→ Problem details:
What follows is a listing to transcribe exactly, leaving the pictures out.

→ Exercise data:
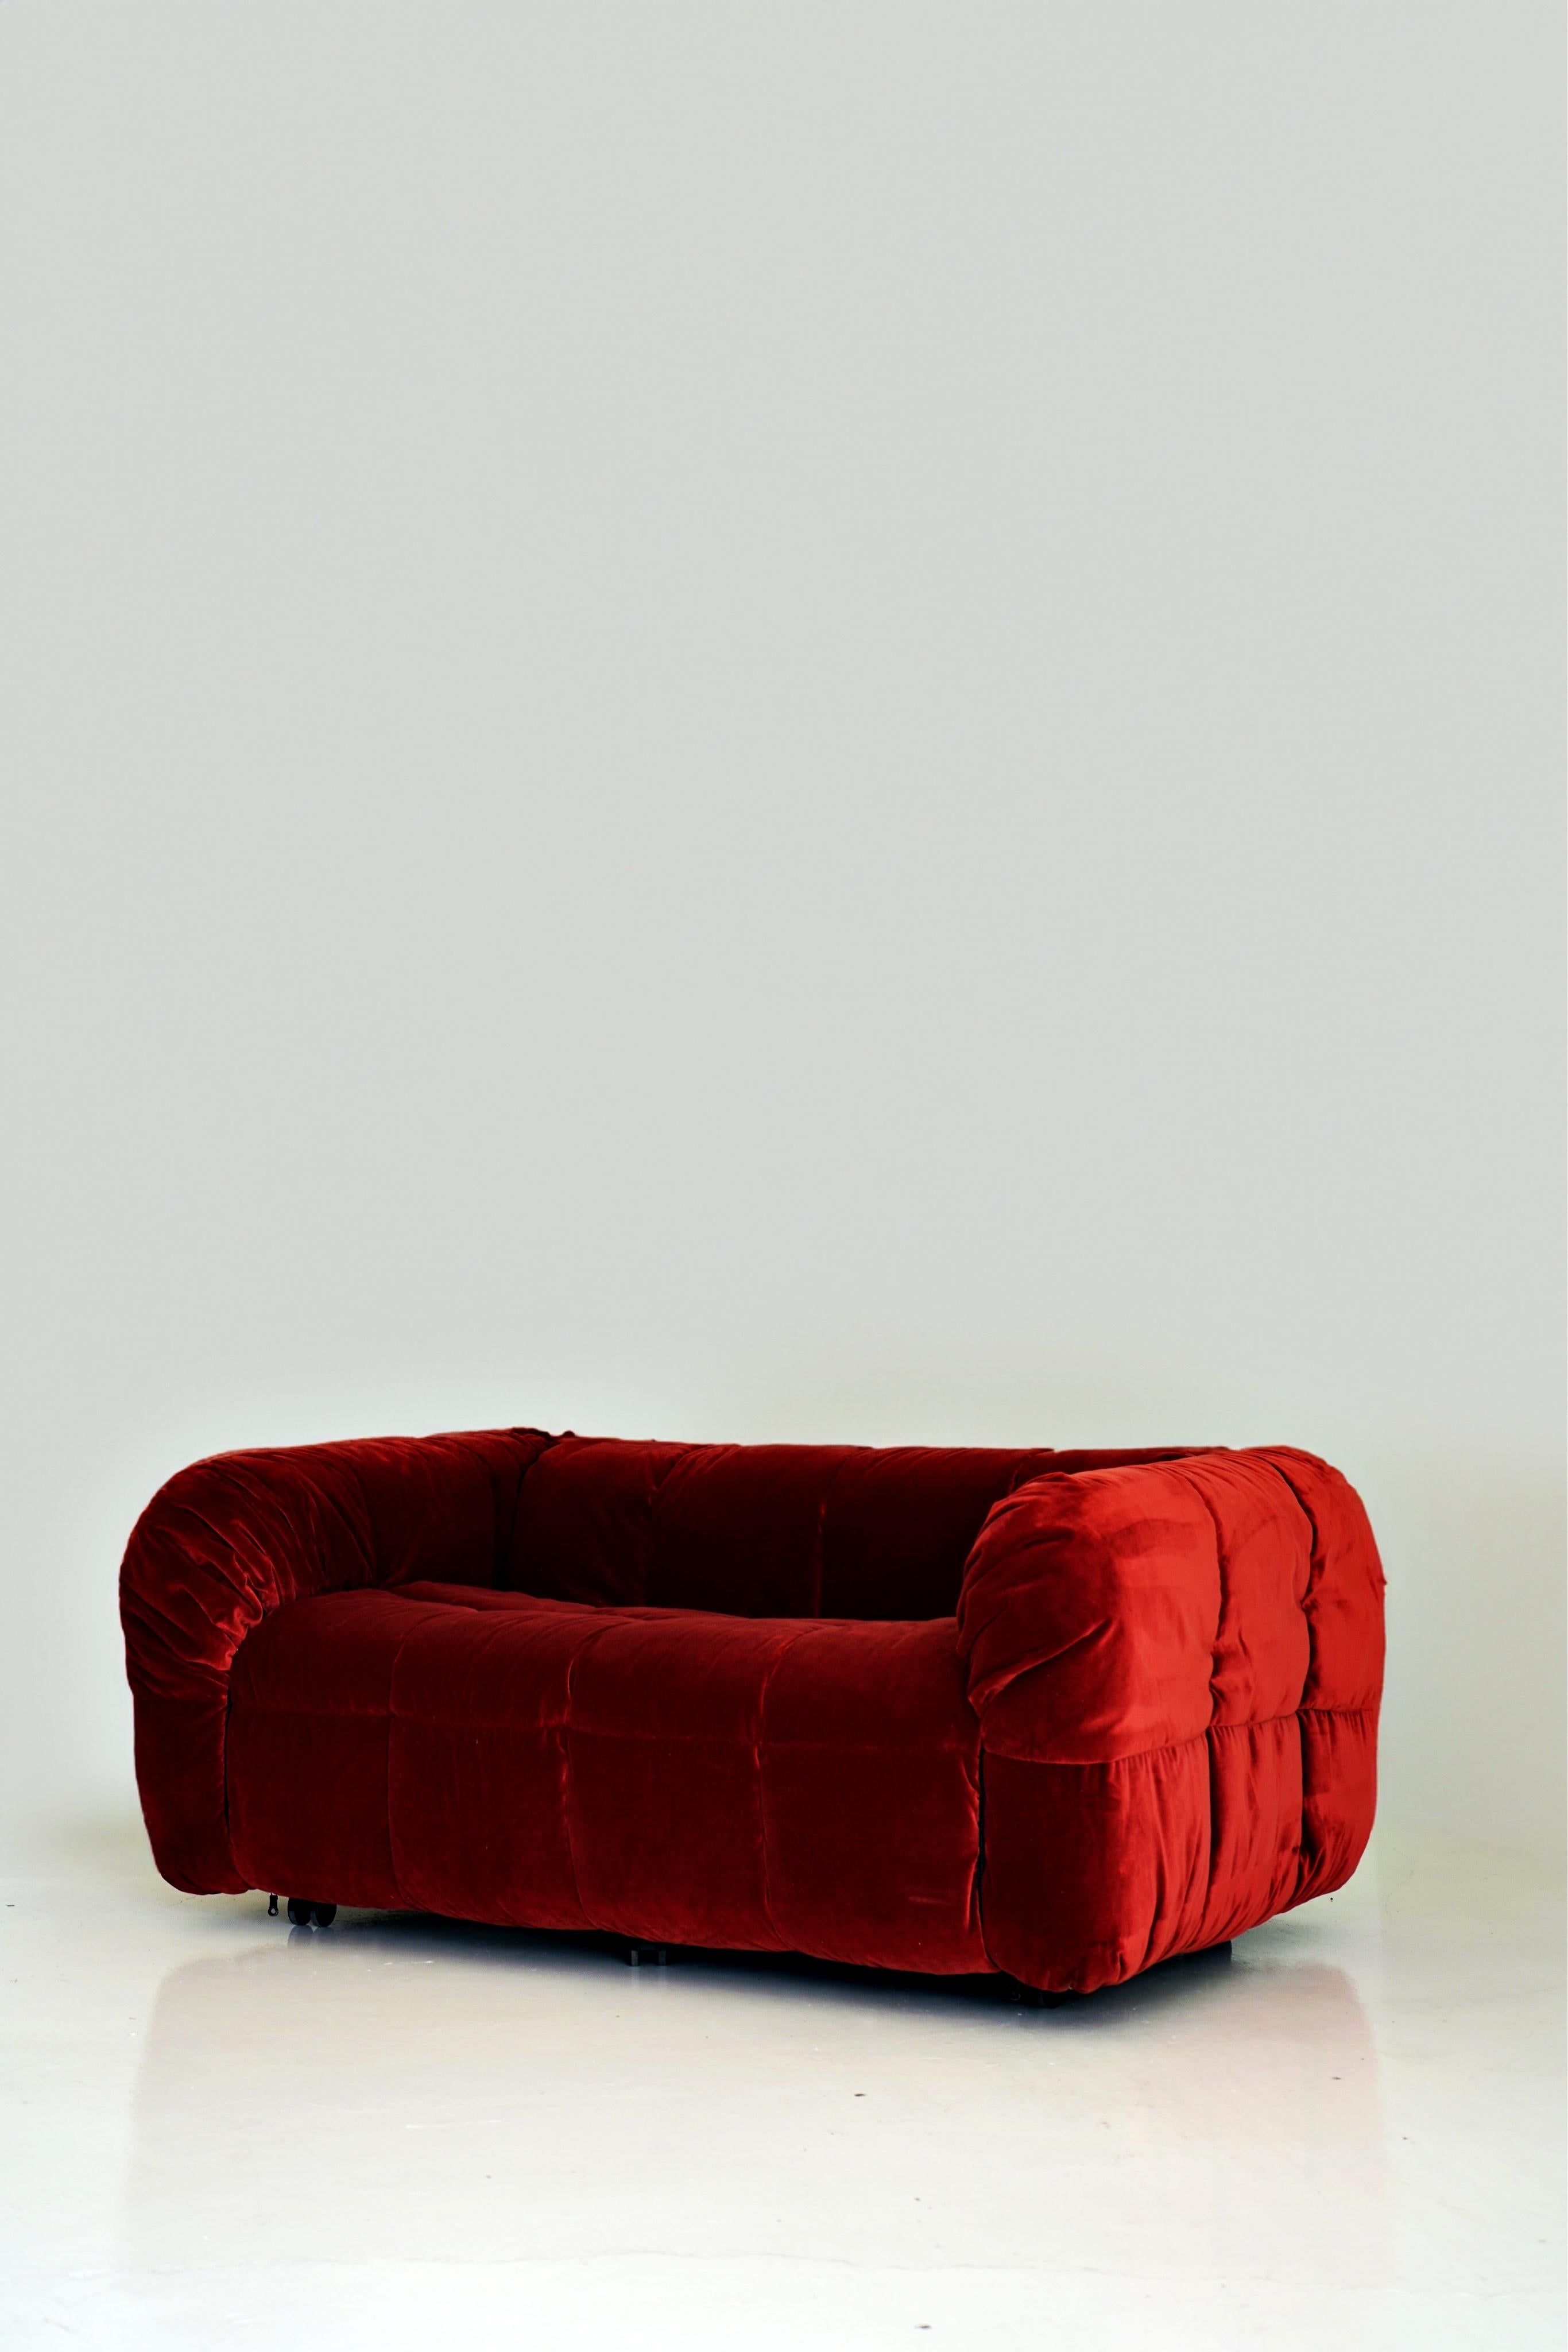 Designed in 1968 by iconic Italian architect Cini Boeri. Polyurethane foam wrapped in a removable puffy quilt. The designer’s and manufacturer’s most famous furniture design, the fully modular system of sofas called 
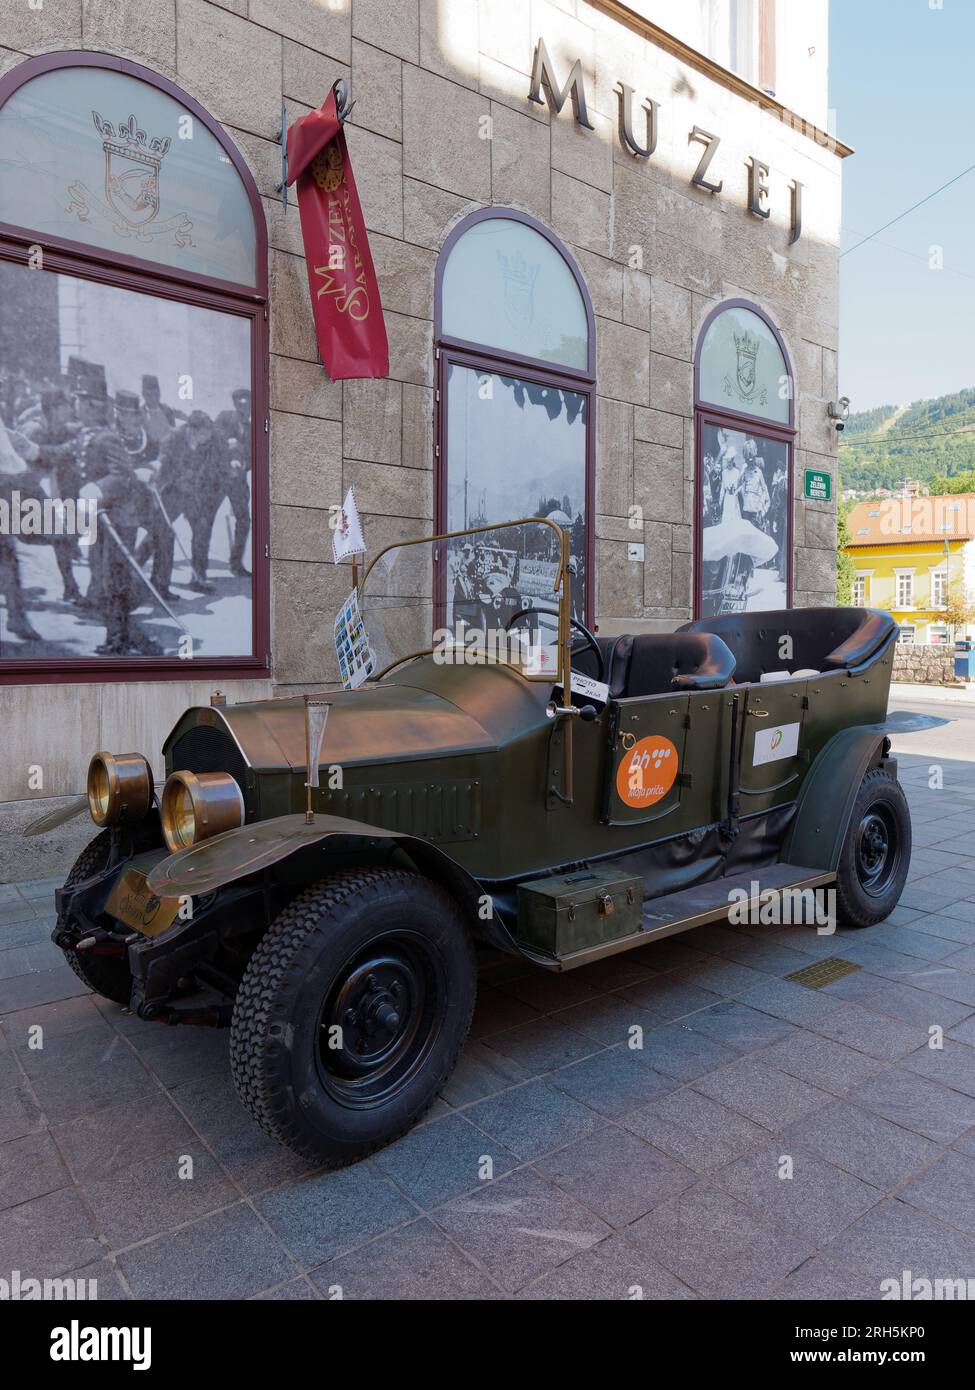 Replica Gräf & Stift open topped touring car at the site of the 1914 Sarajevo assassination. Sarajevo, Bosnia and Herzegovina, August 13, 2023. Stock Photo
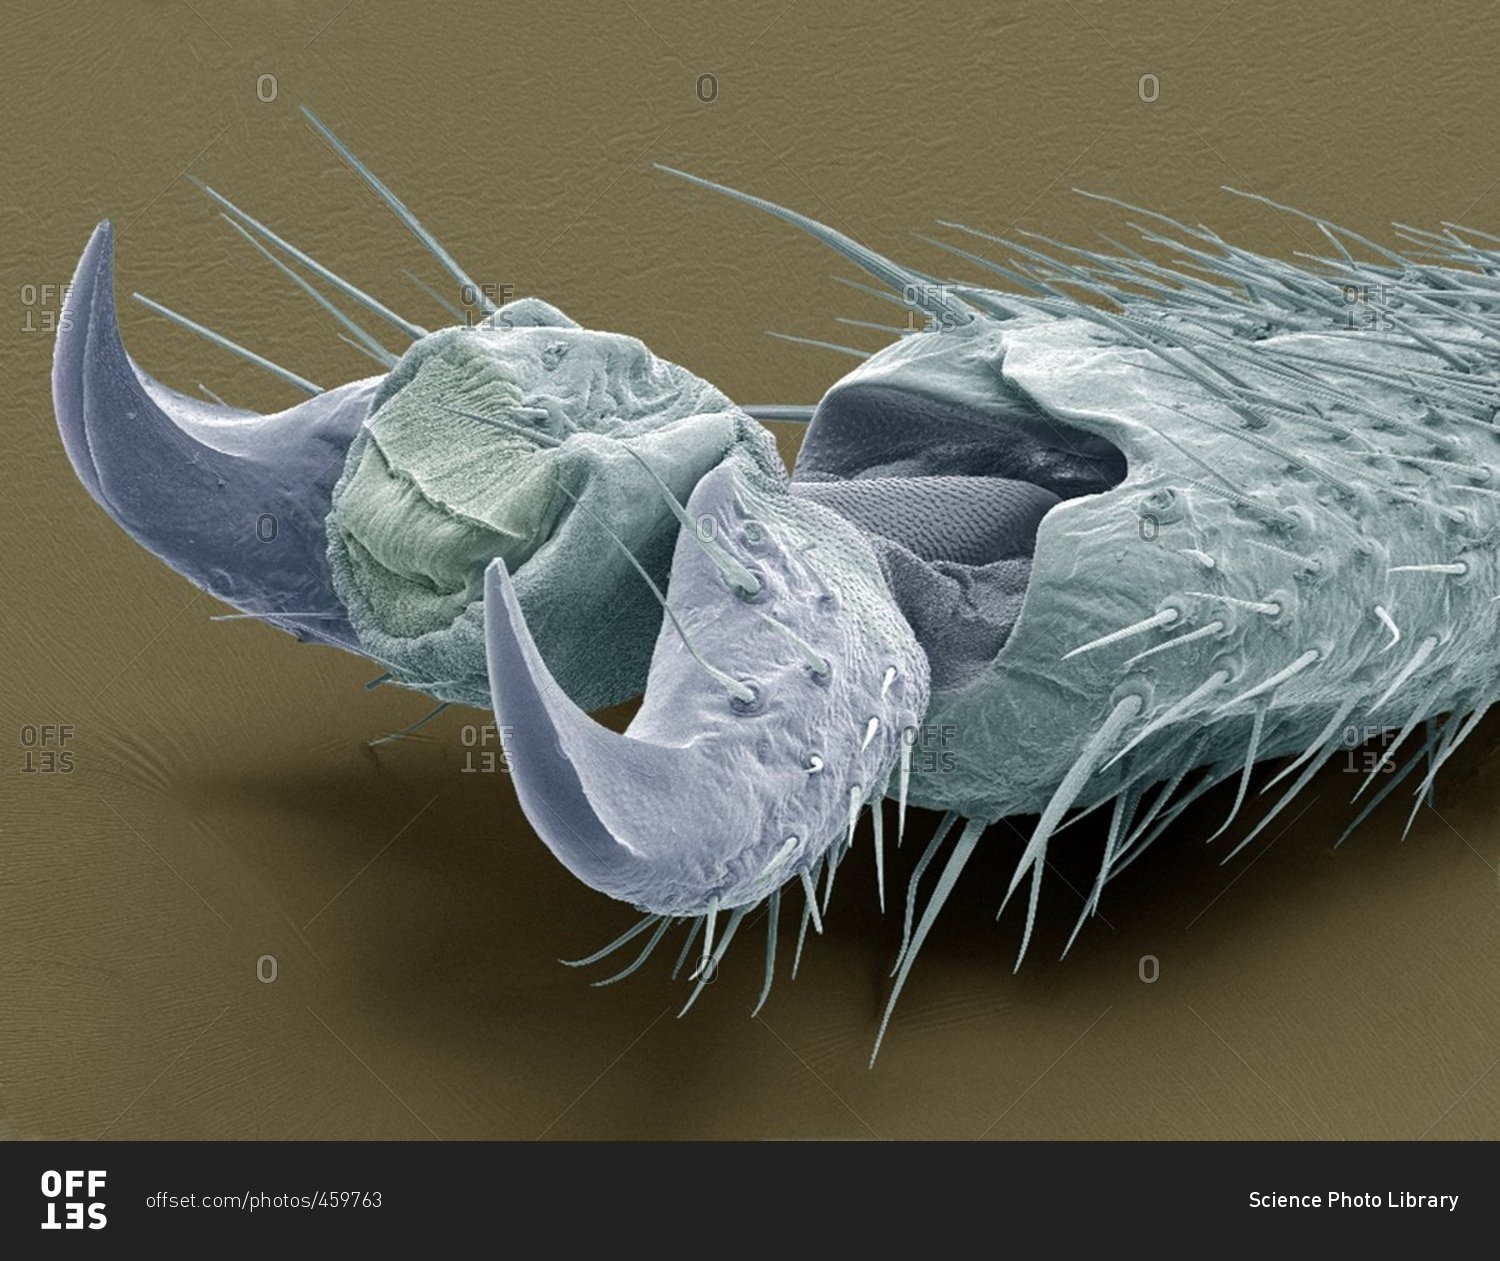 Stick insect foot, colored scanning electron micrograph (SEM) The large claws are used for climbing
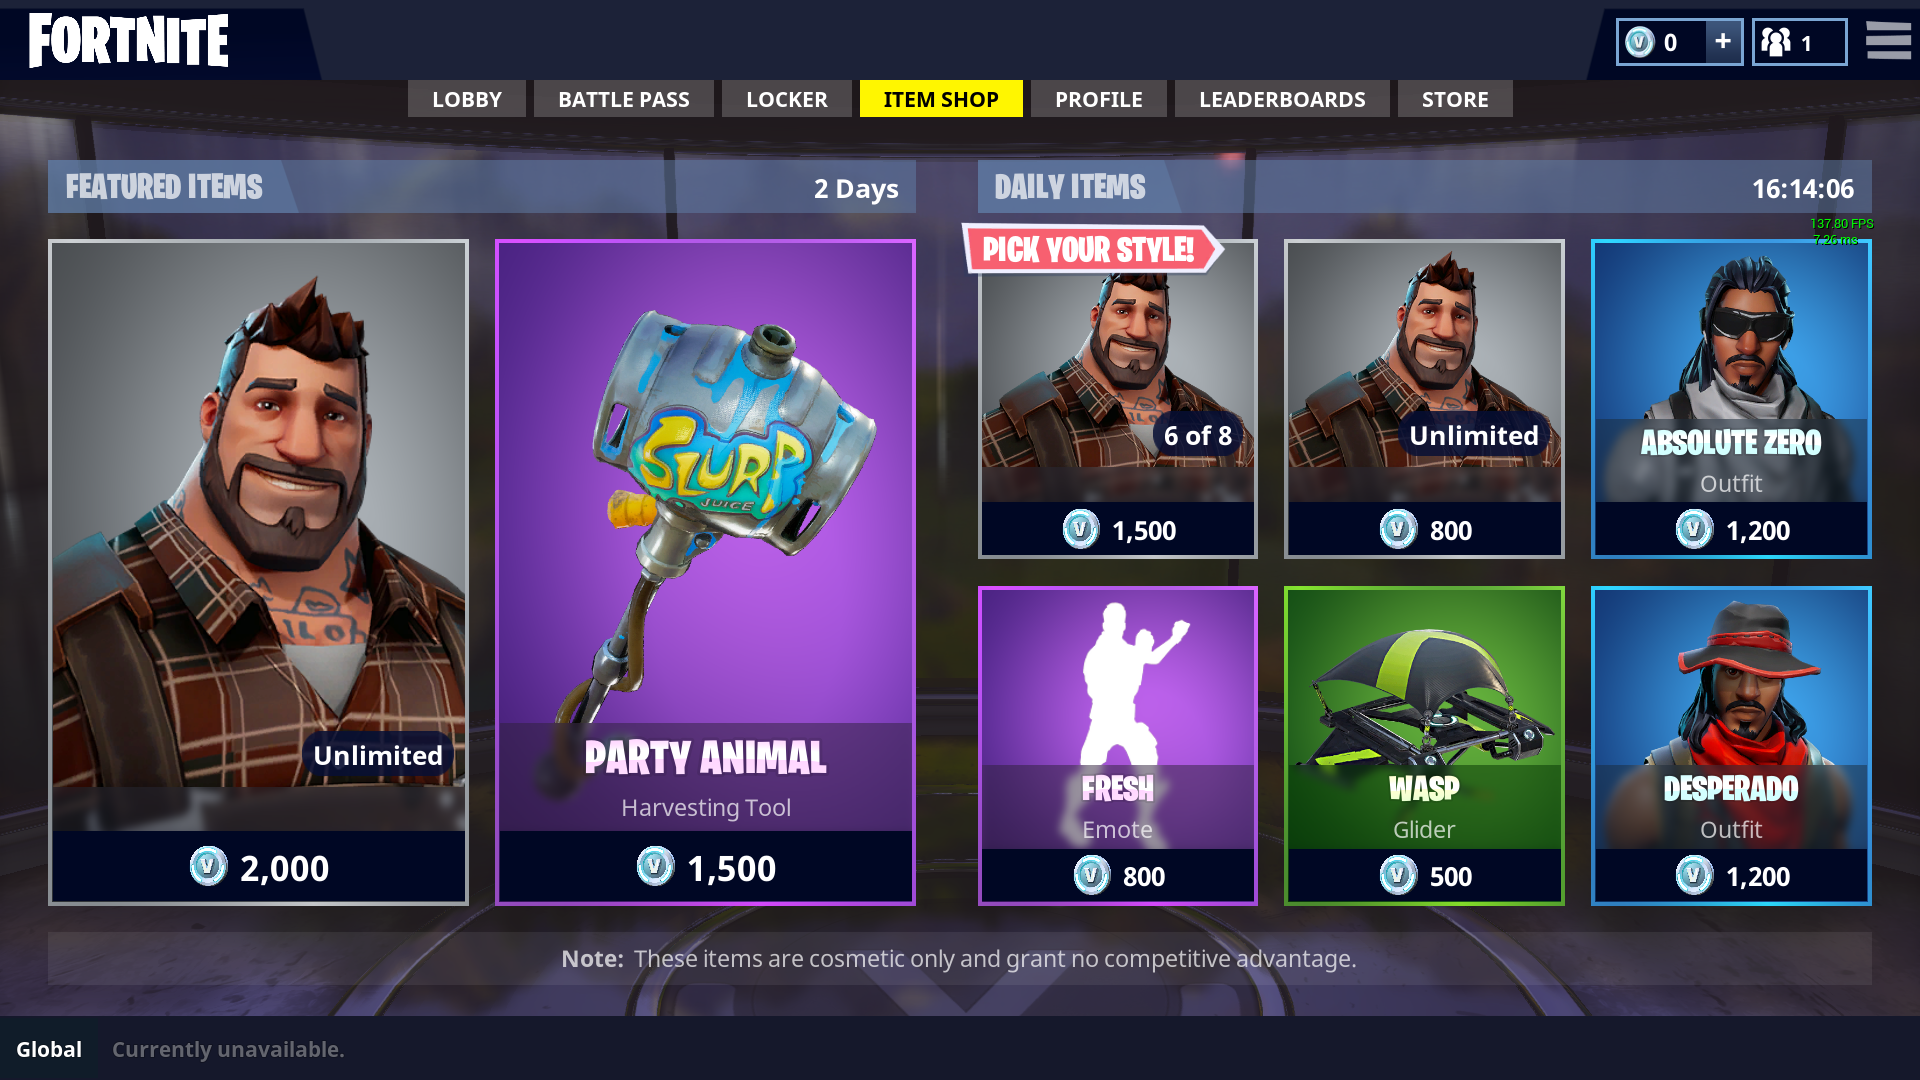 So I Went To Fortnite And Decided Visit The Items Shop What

→ Response to this task:
 Designed in 1968 by iconic Italian architect Cini Boeri. Polyurethane foam wrapped in a removable puffy quilt. The designer’s and manufacturer’s most famous furniture design, the fully modular system of sofas called 
 Replica Gräf & Stift open topped touring car at the site of the 1914 Sarajevo assassination. Sarajevo, Bosnia and Herzegovina, August 13, 2023. Stock Photo
 Stick insect foot, colored scanning electron micrograph (SEM) The large claws are used for climbing
 So I Went To Fortnite And Decided Visit The Items Shop What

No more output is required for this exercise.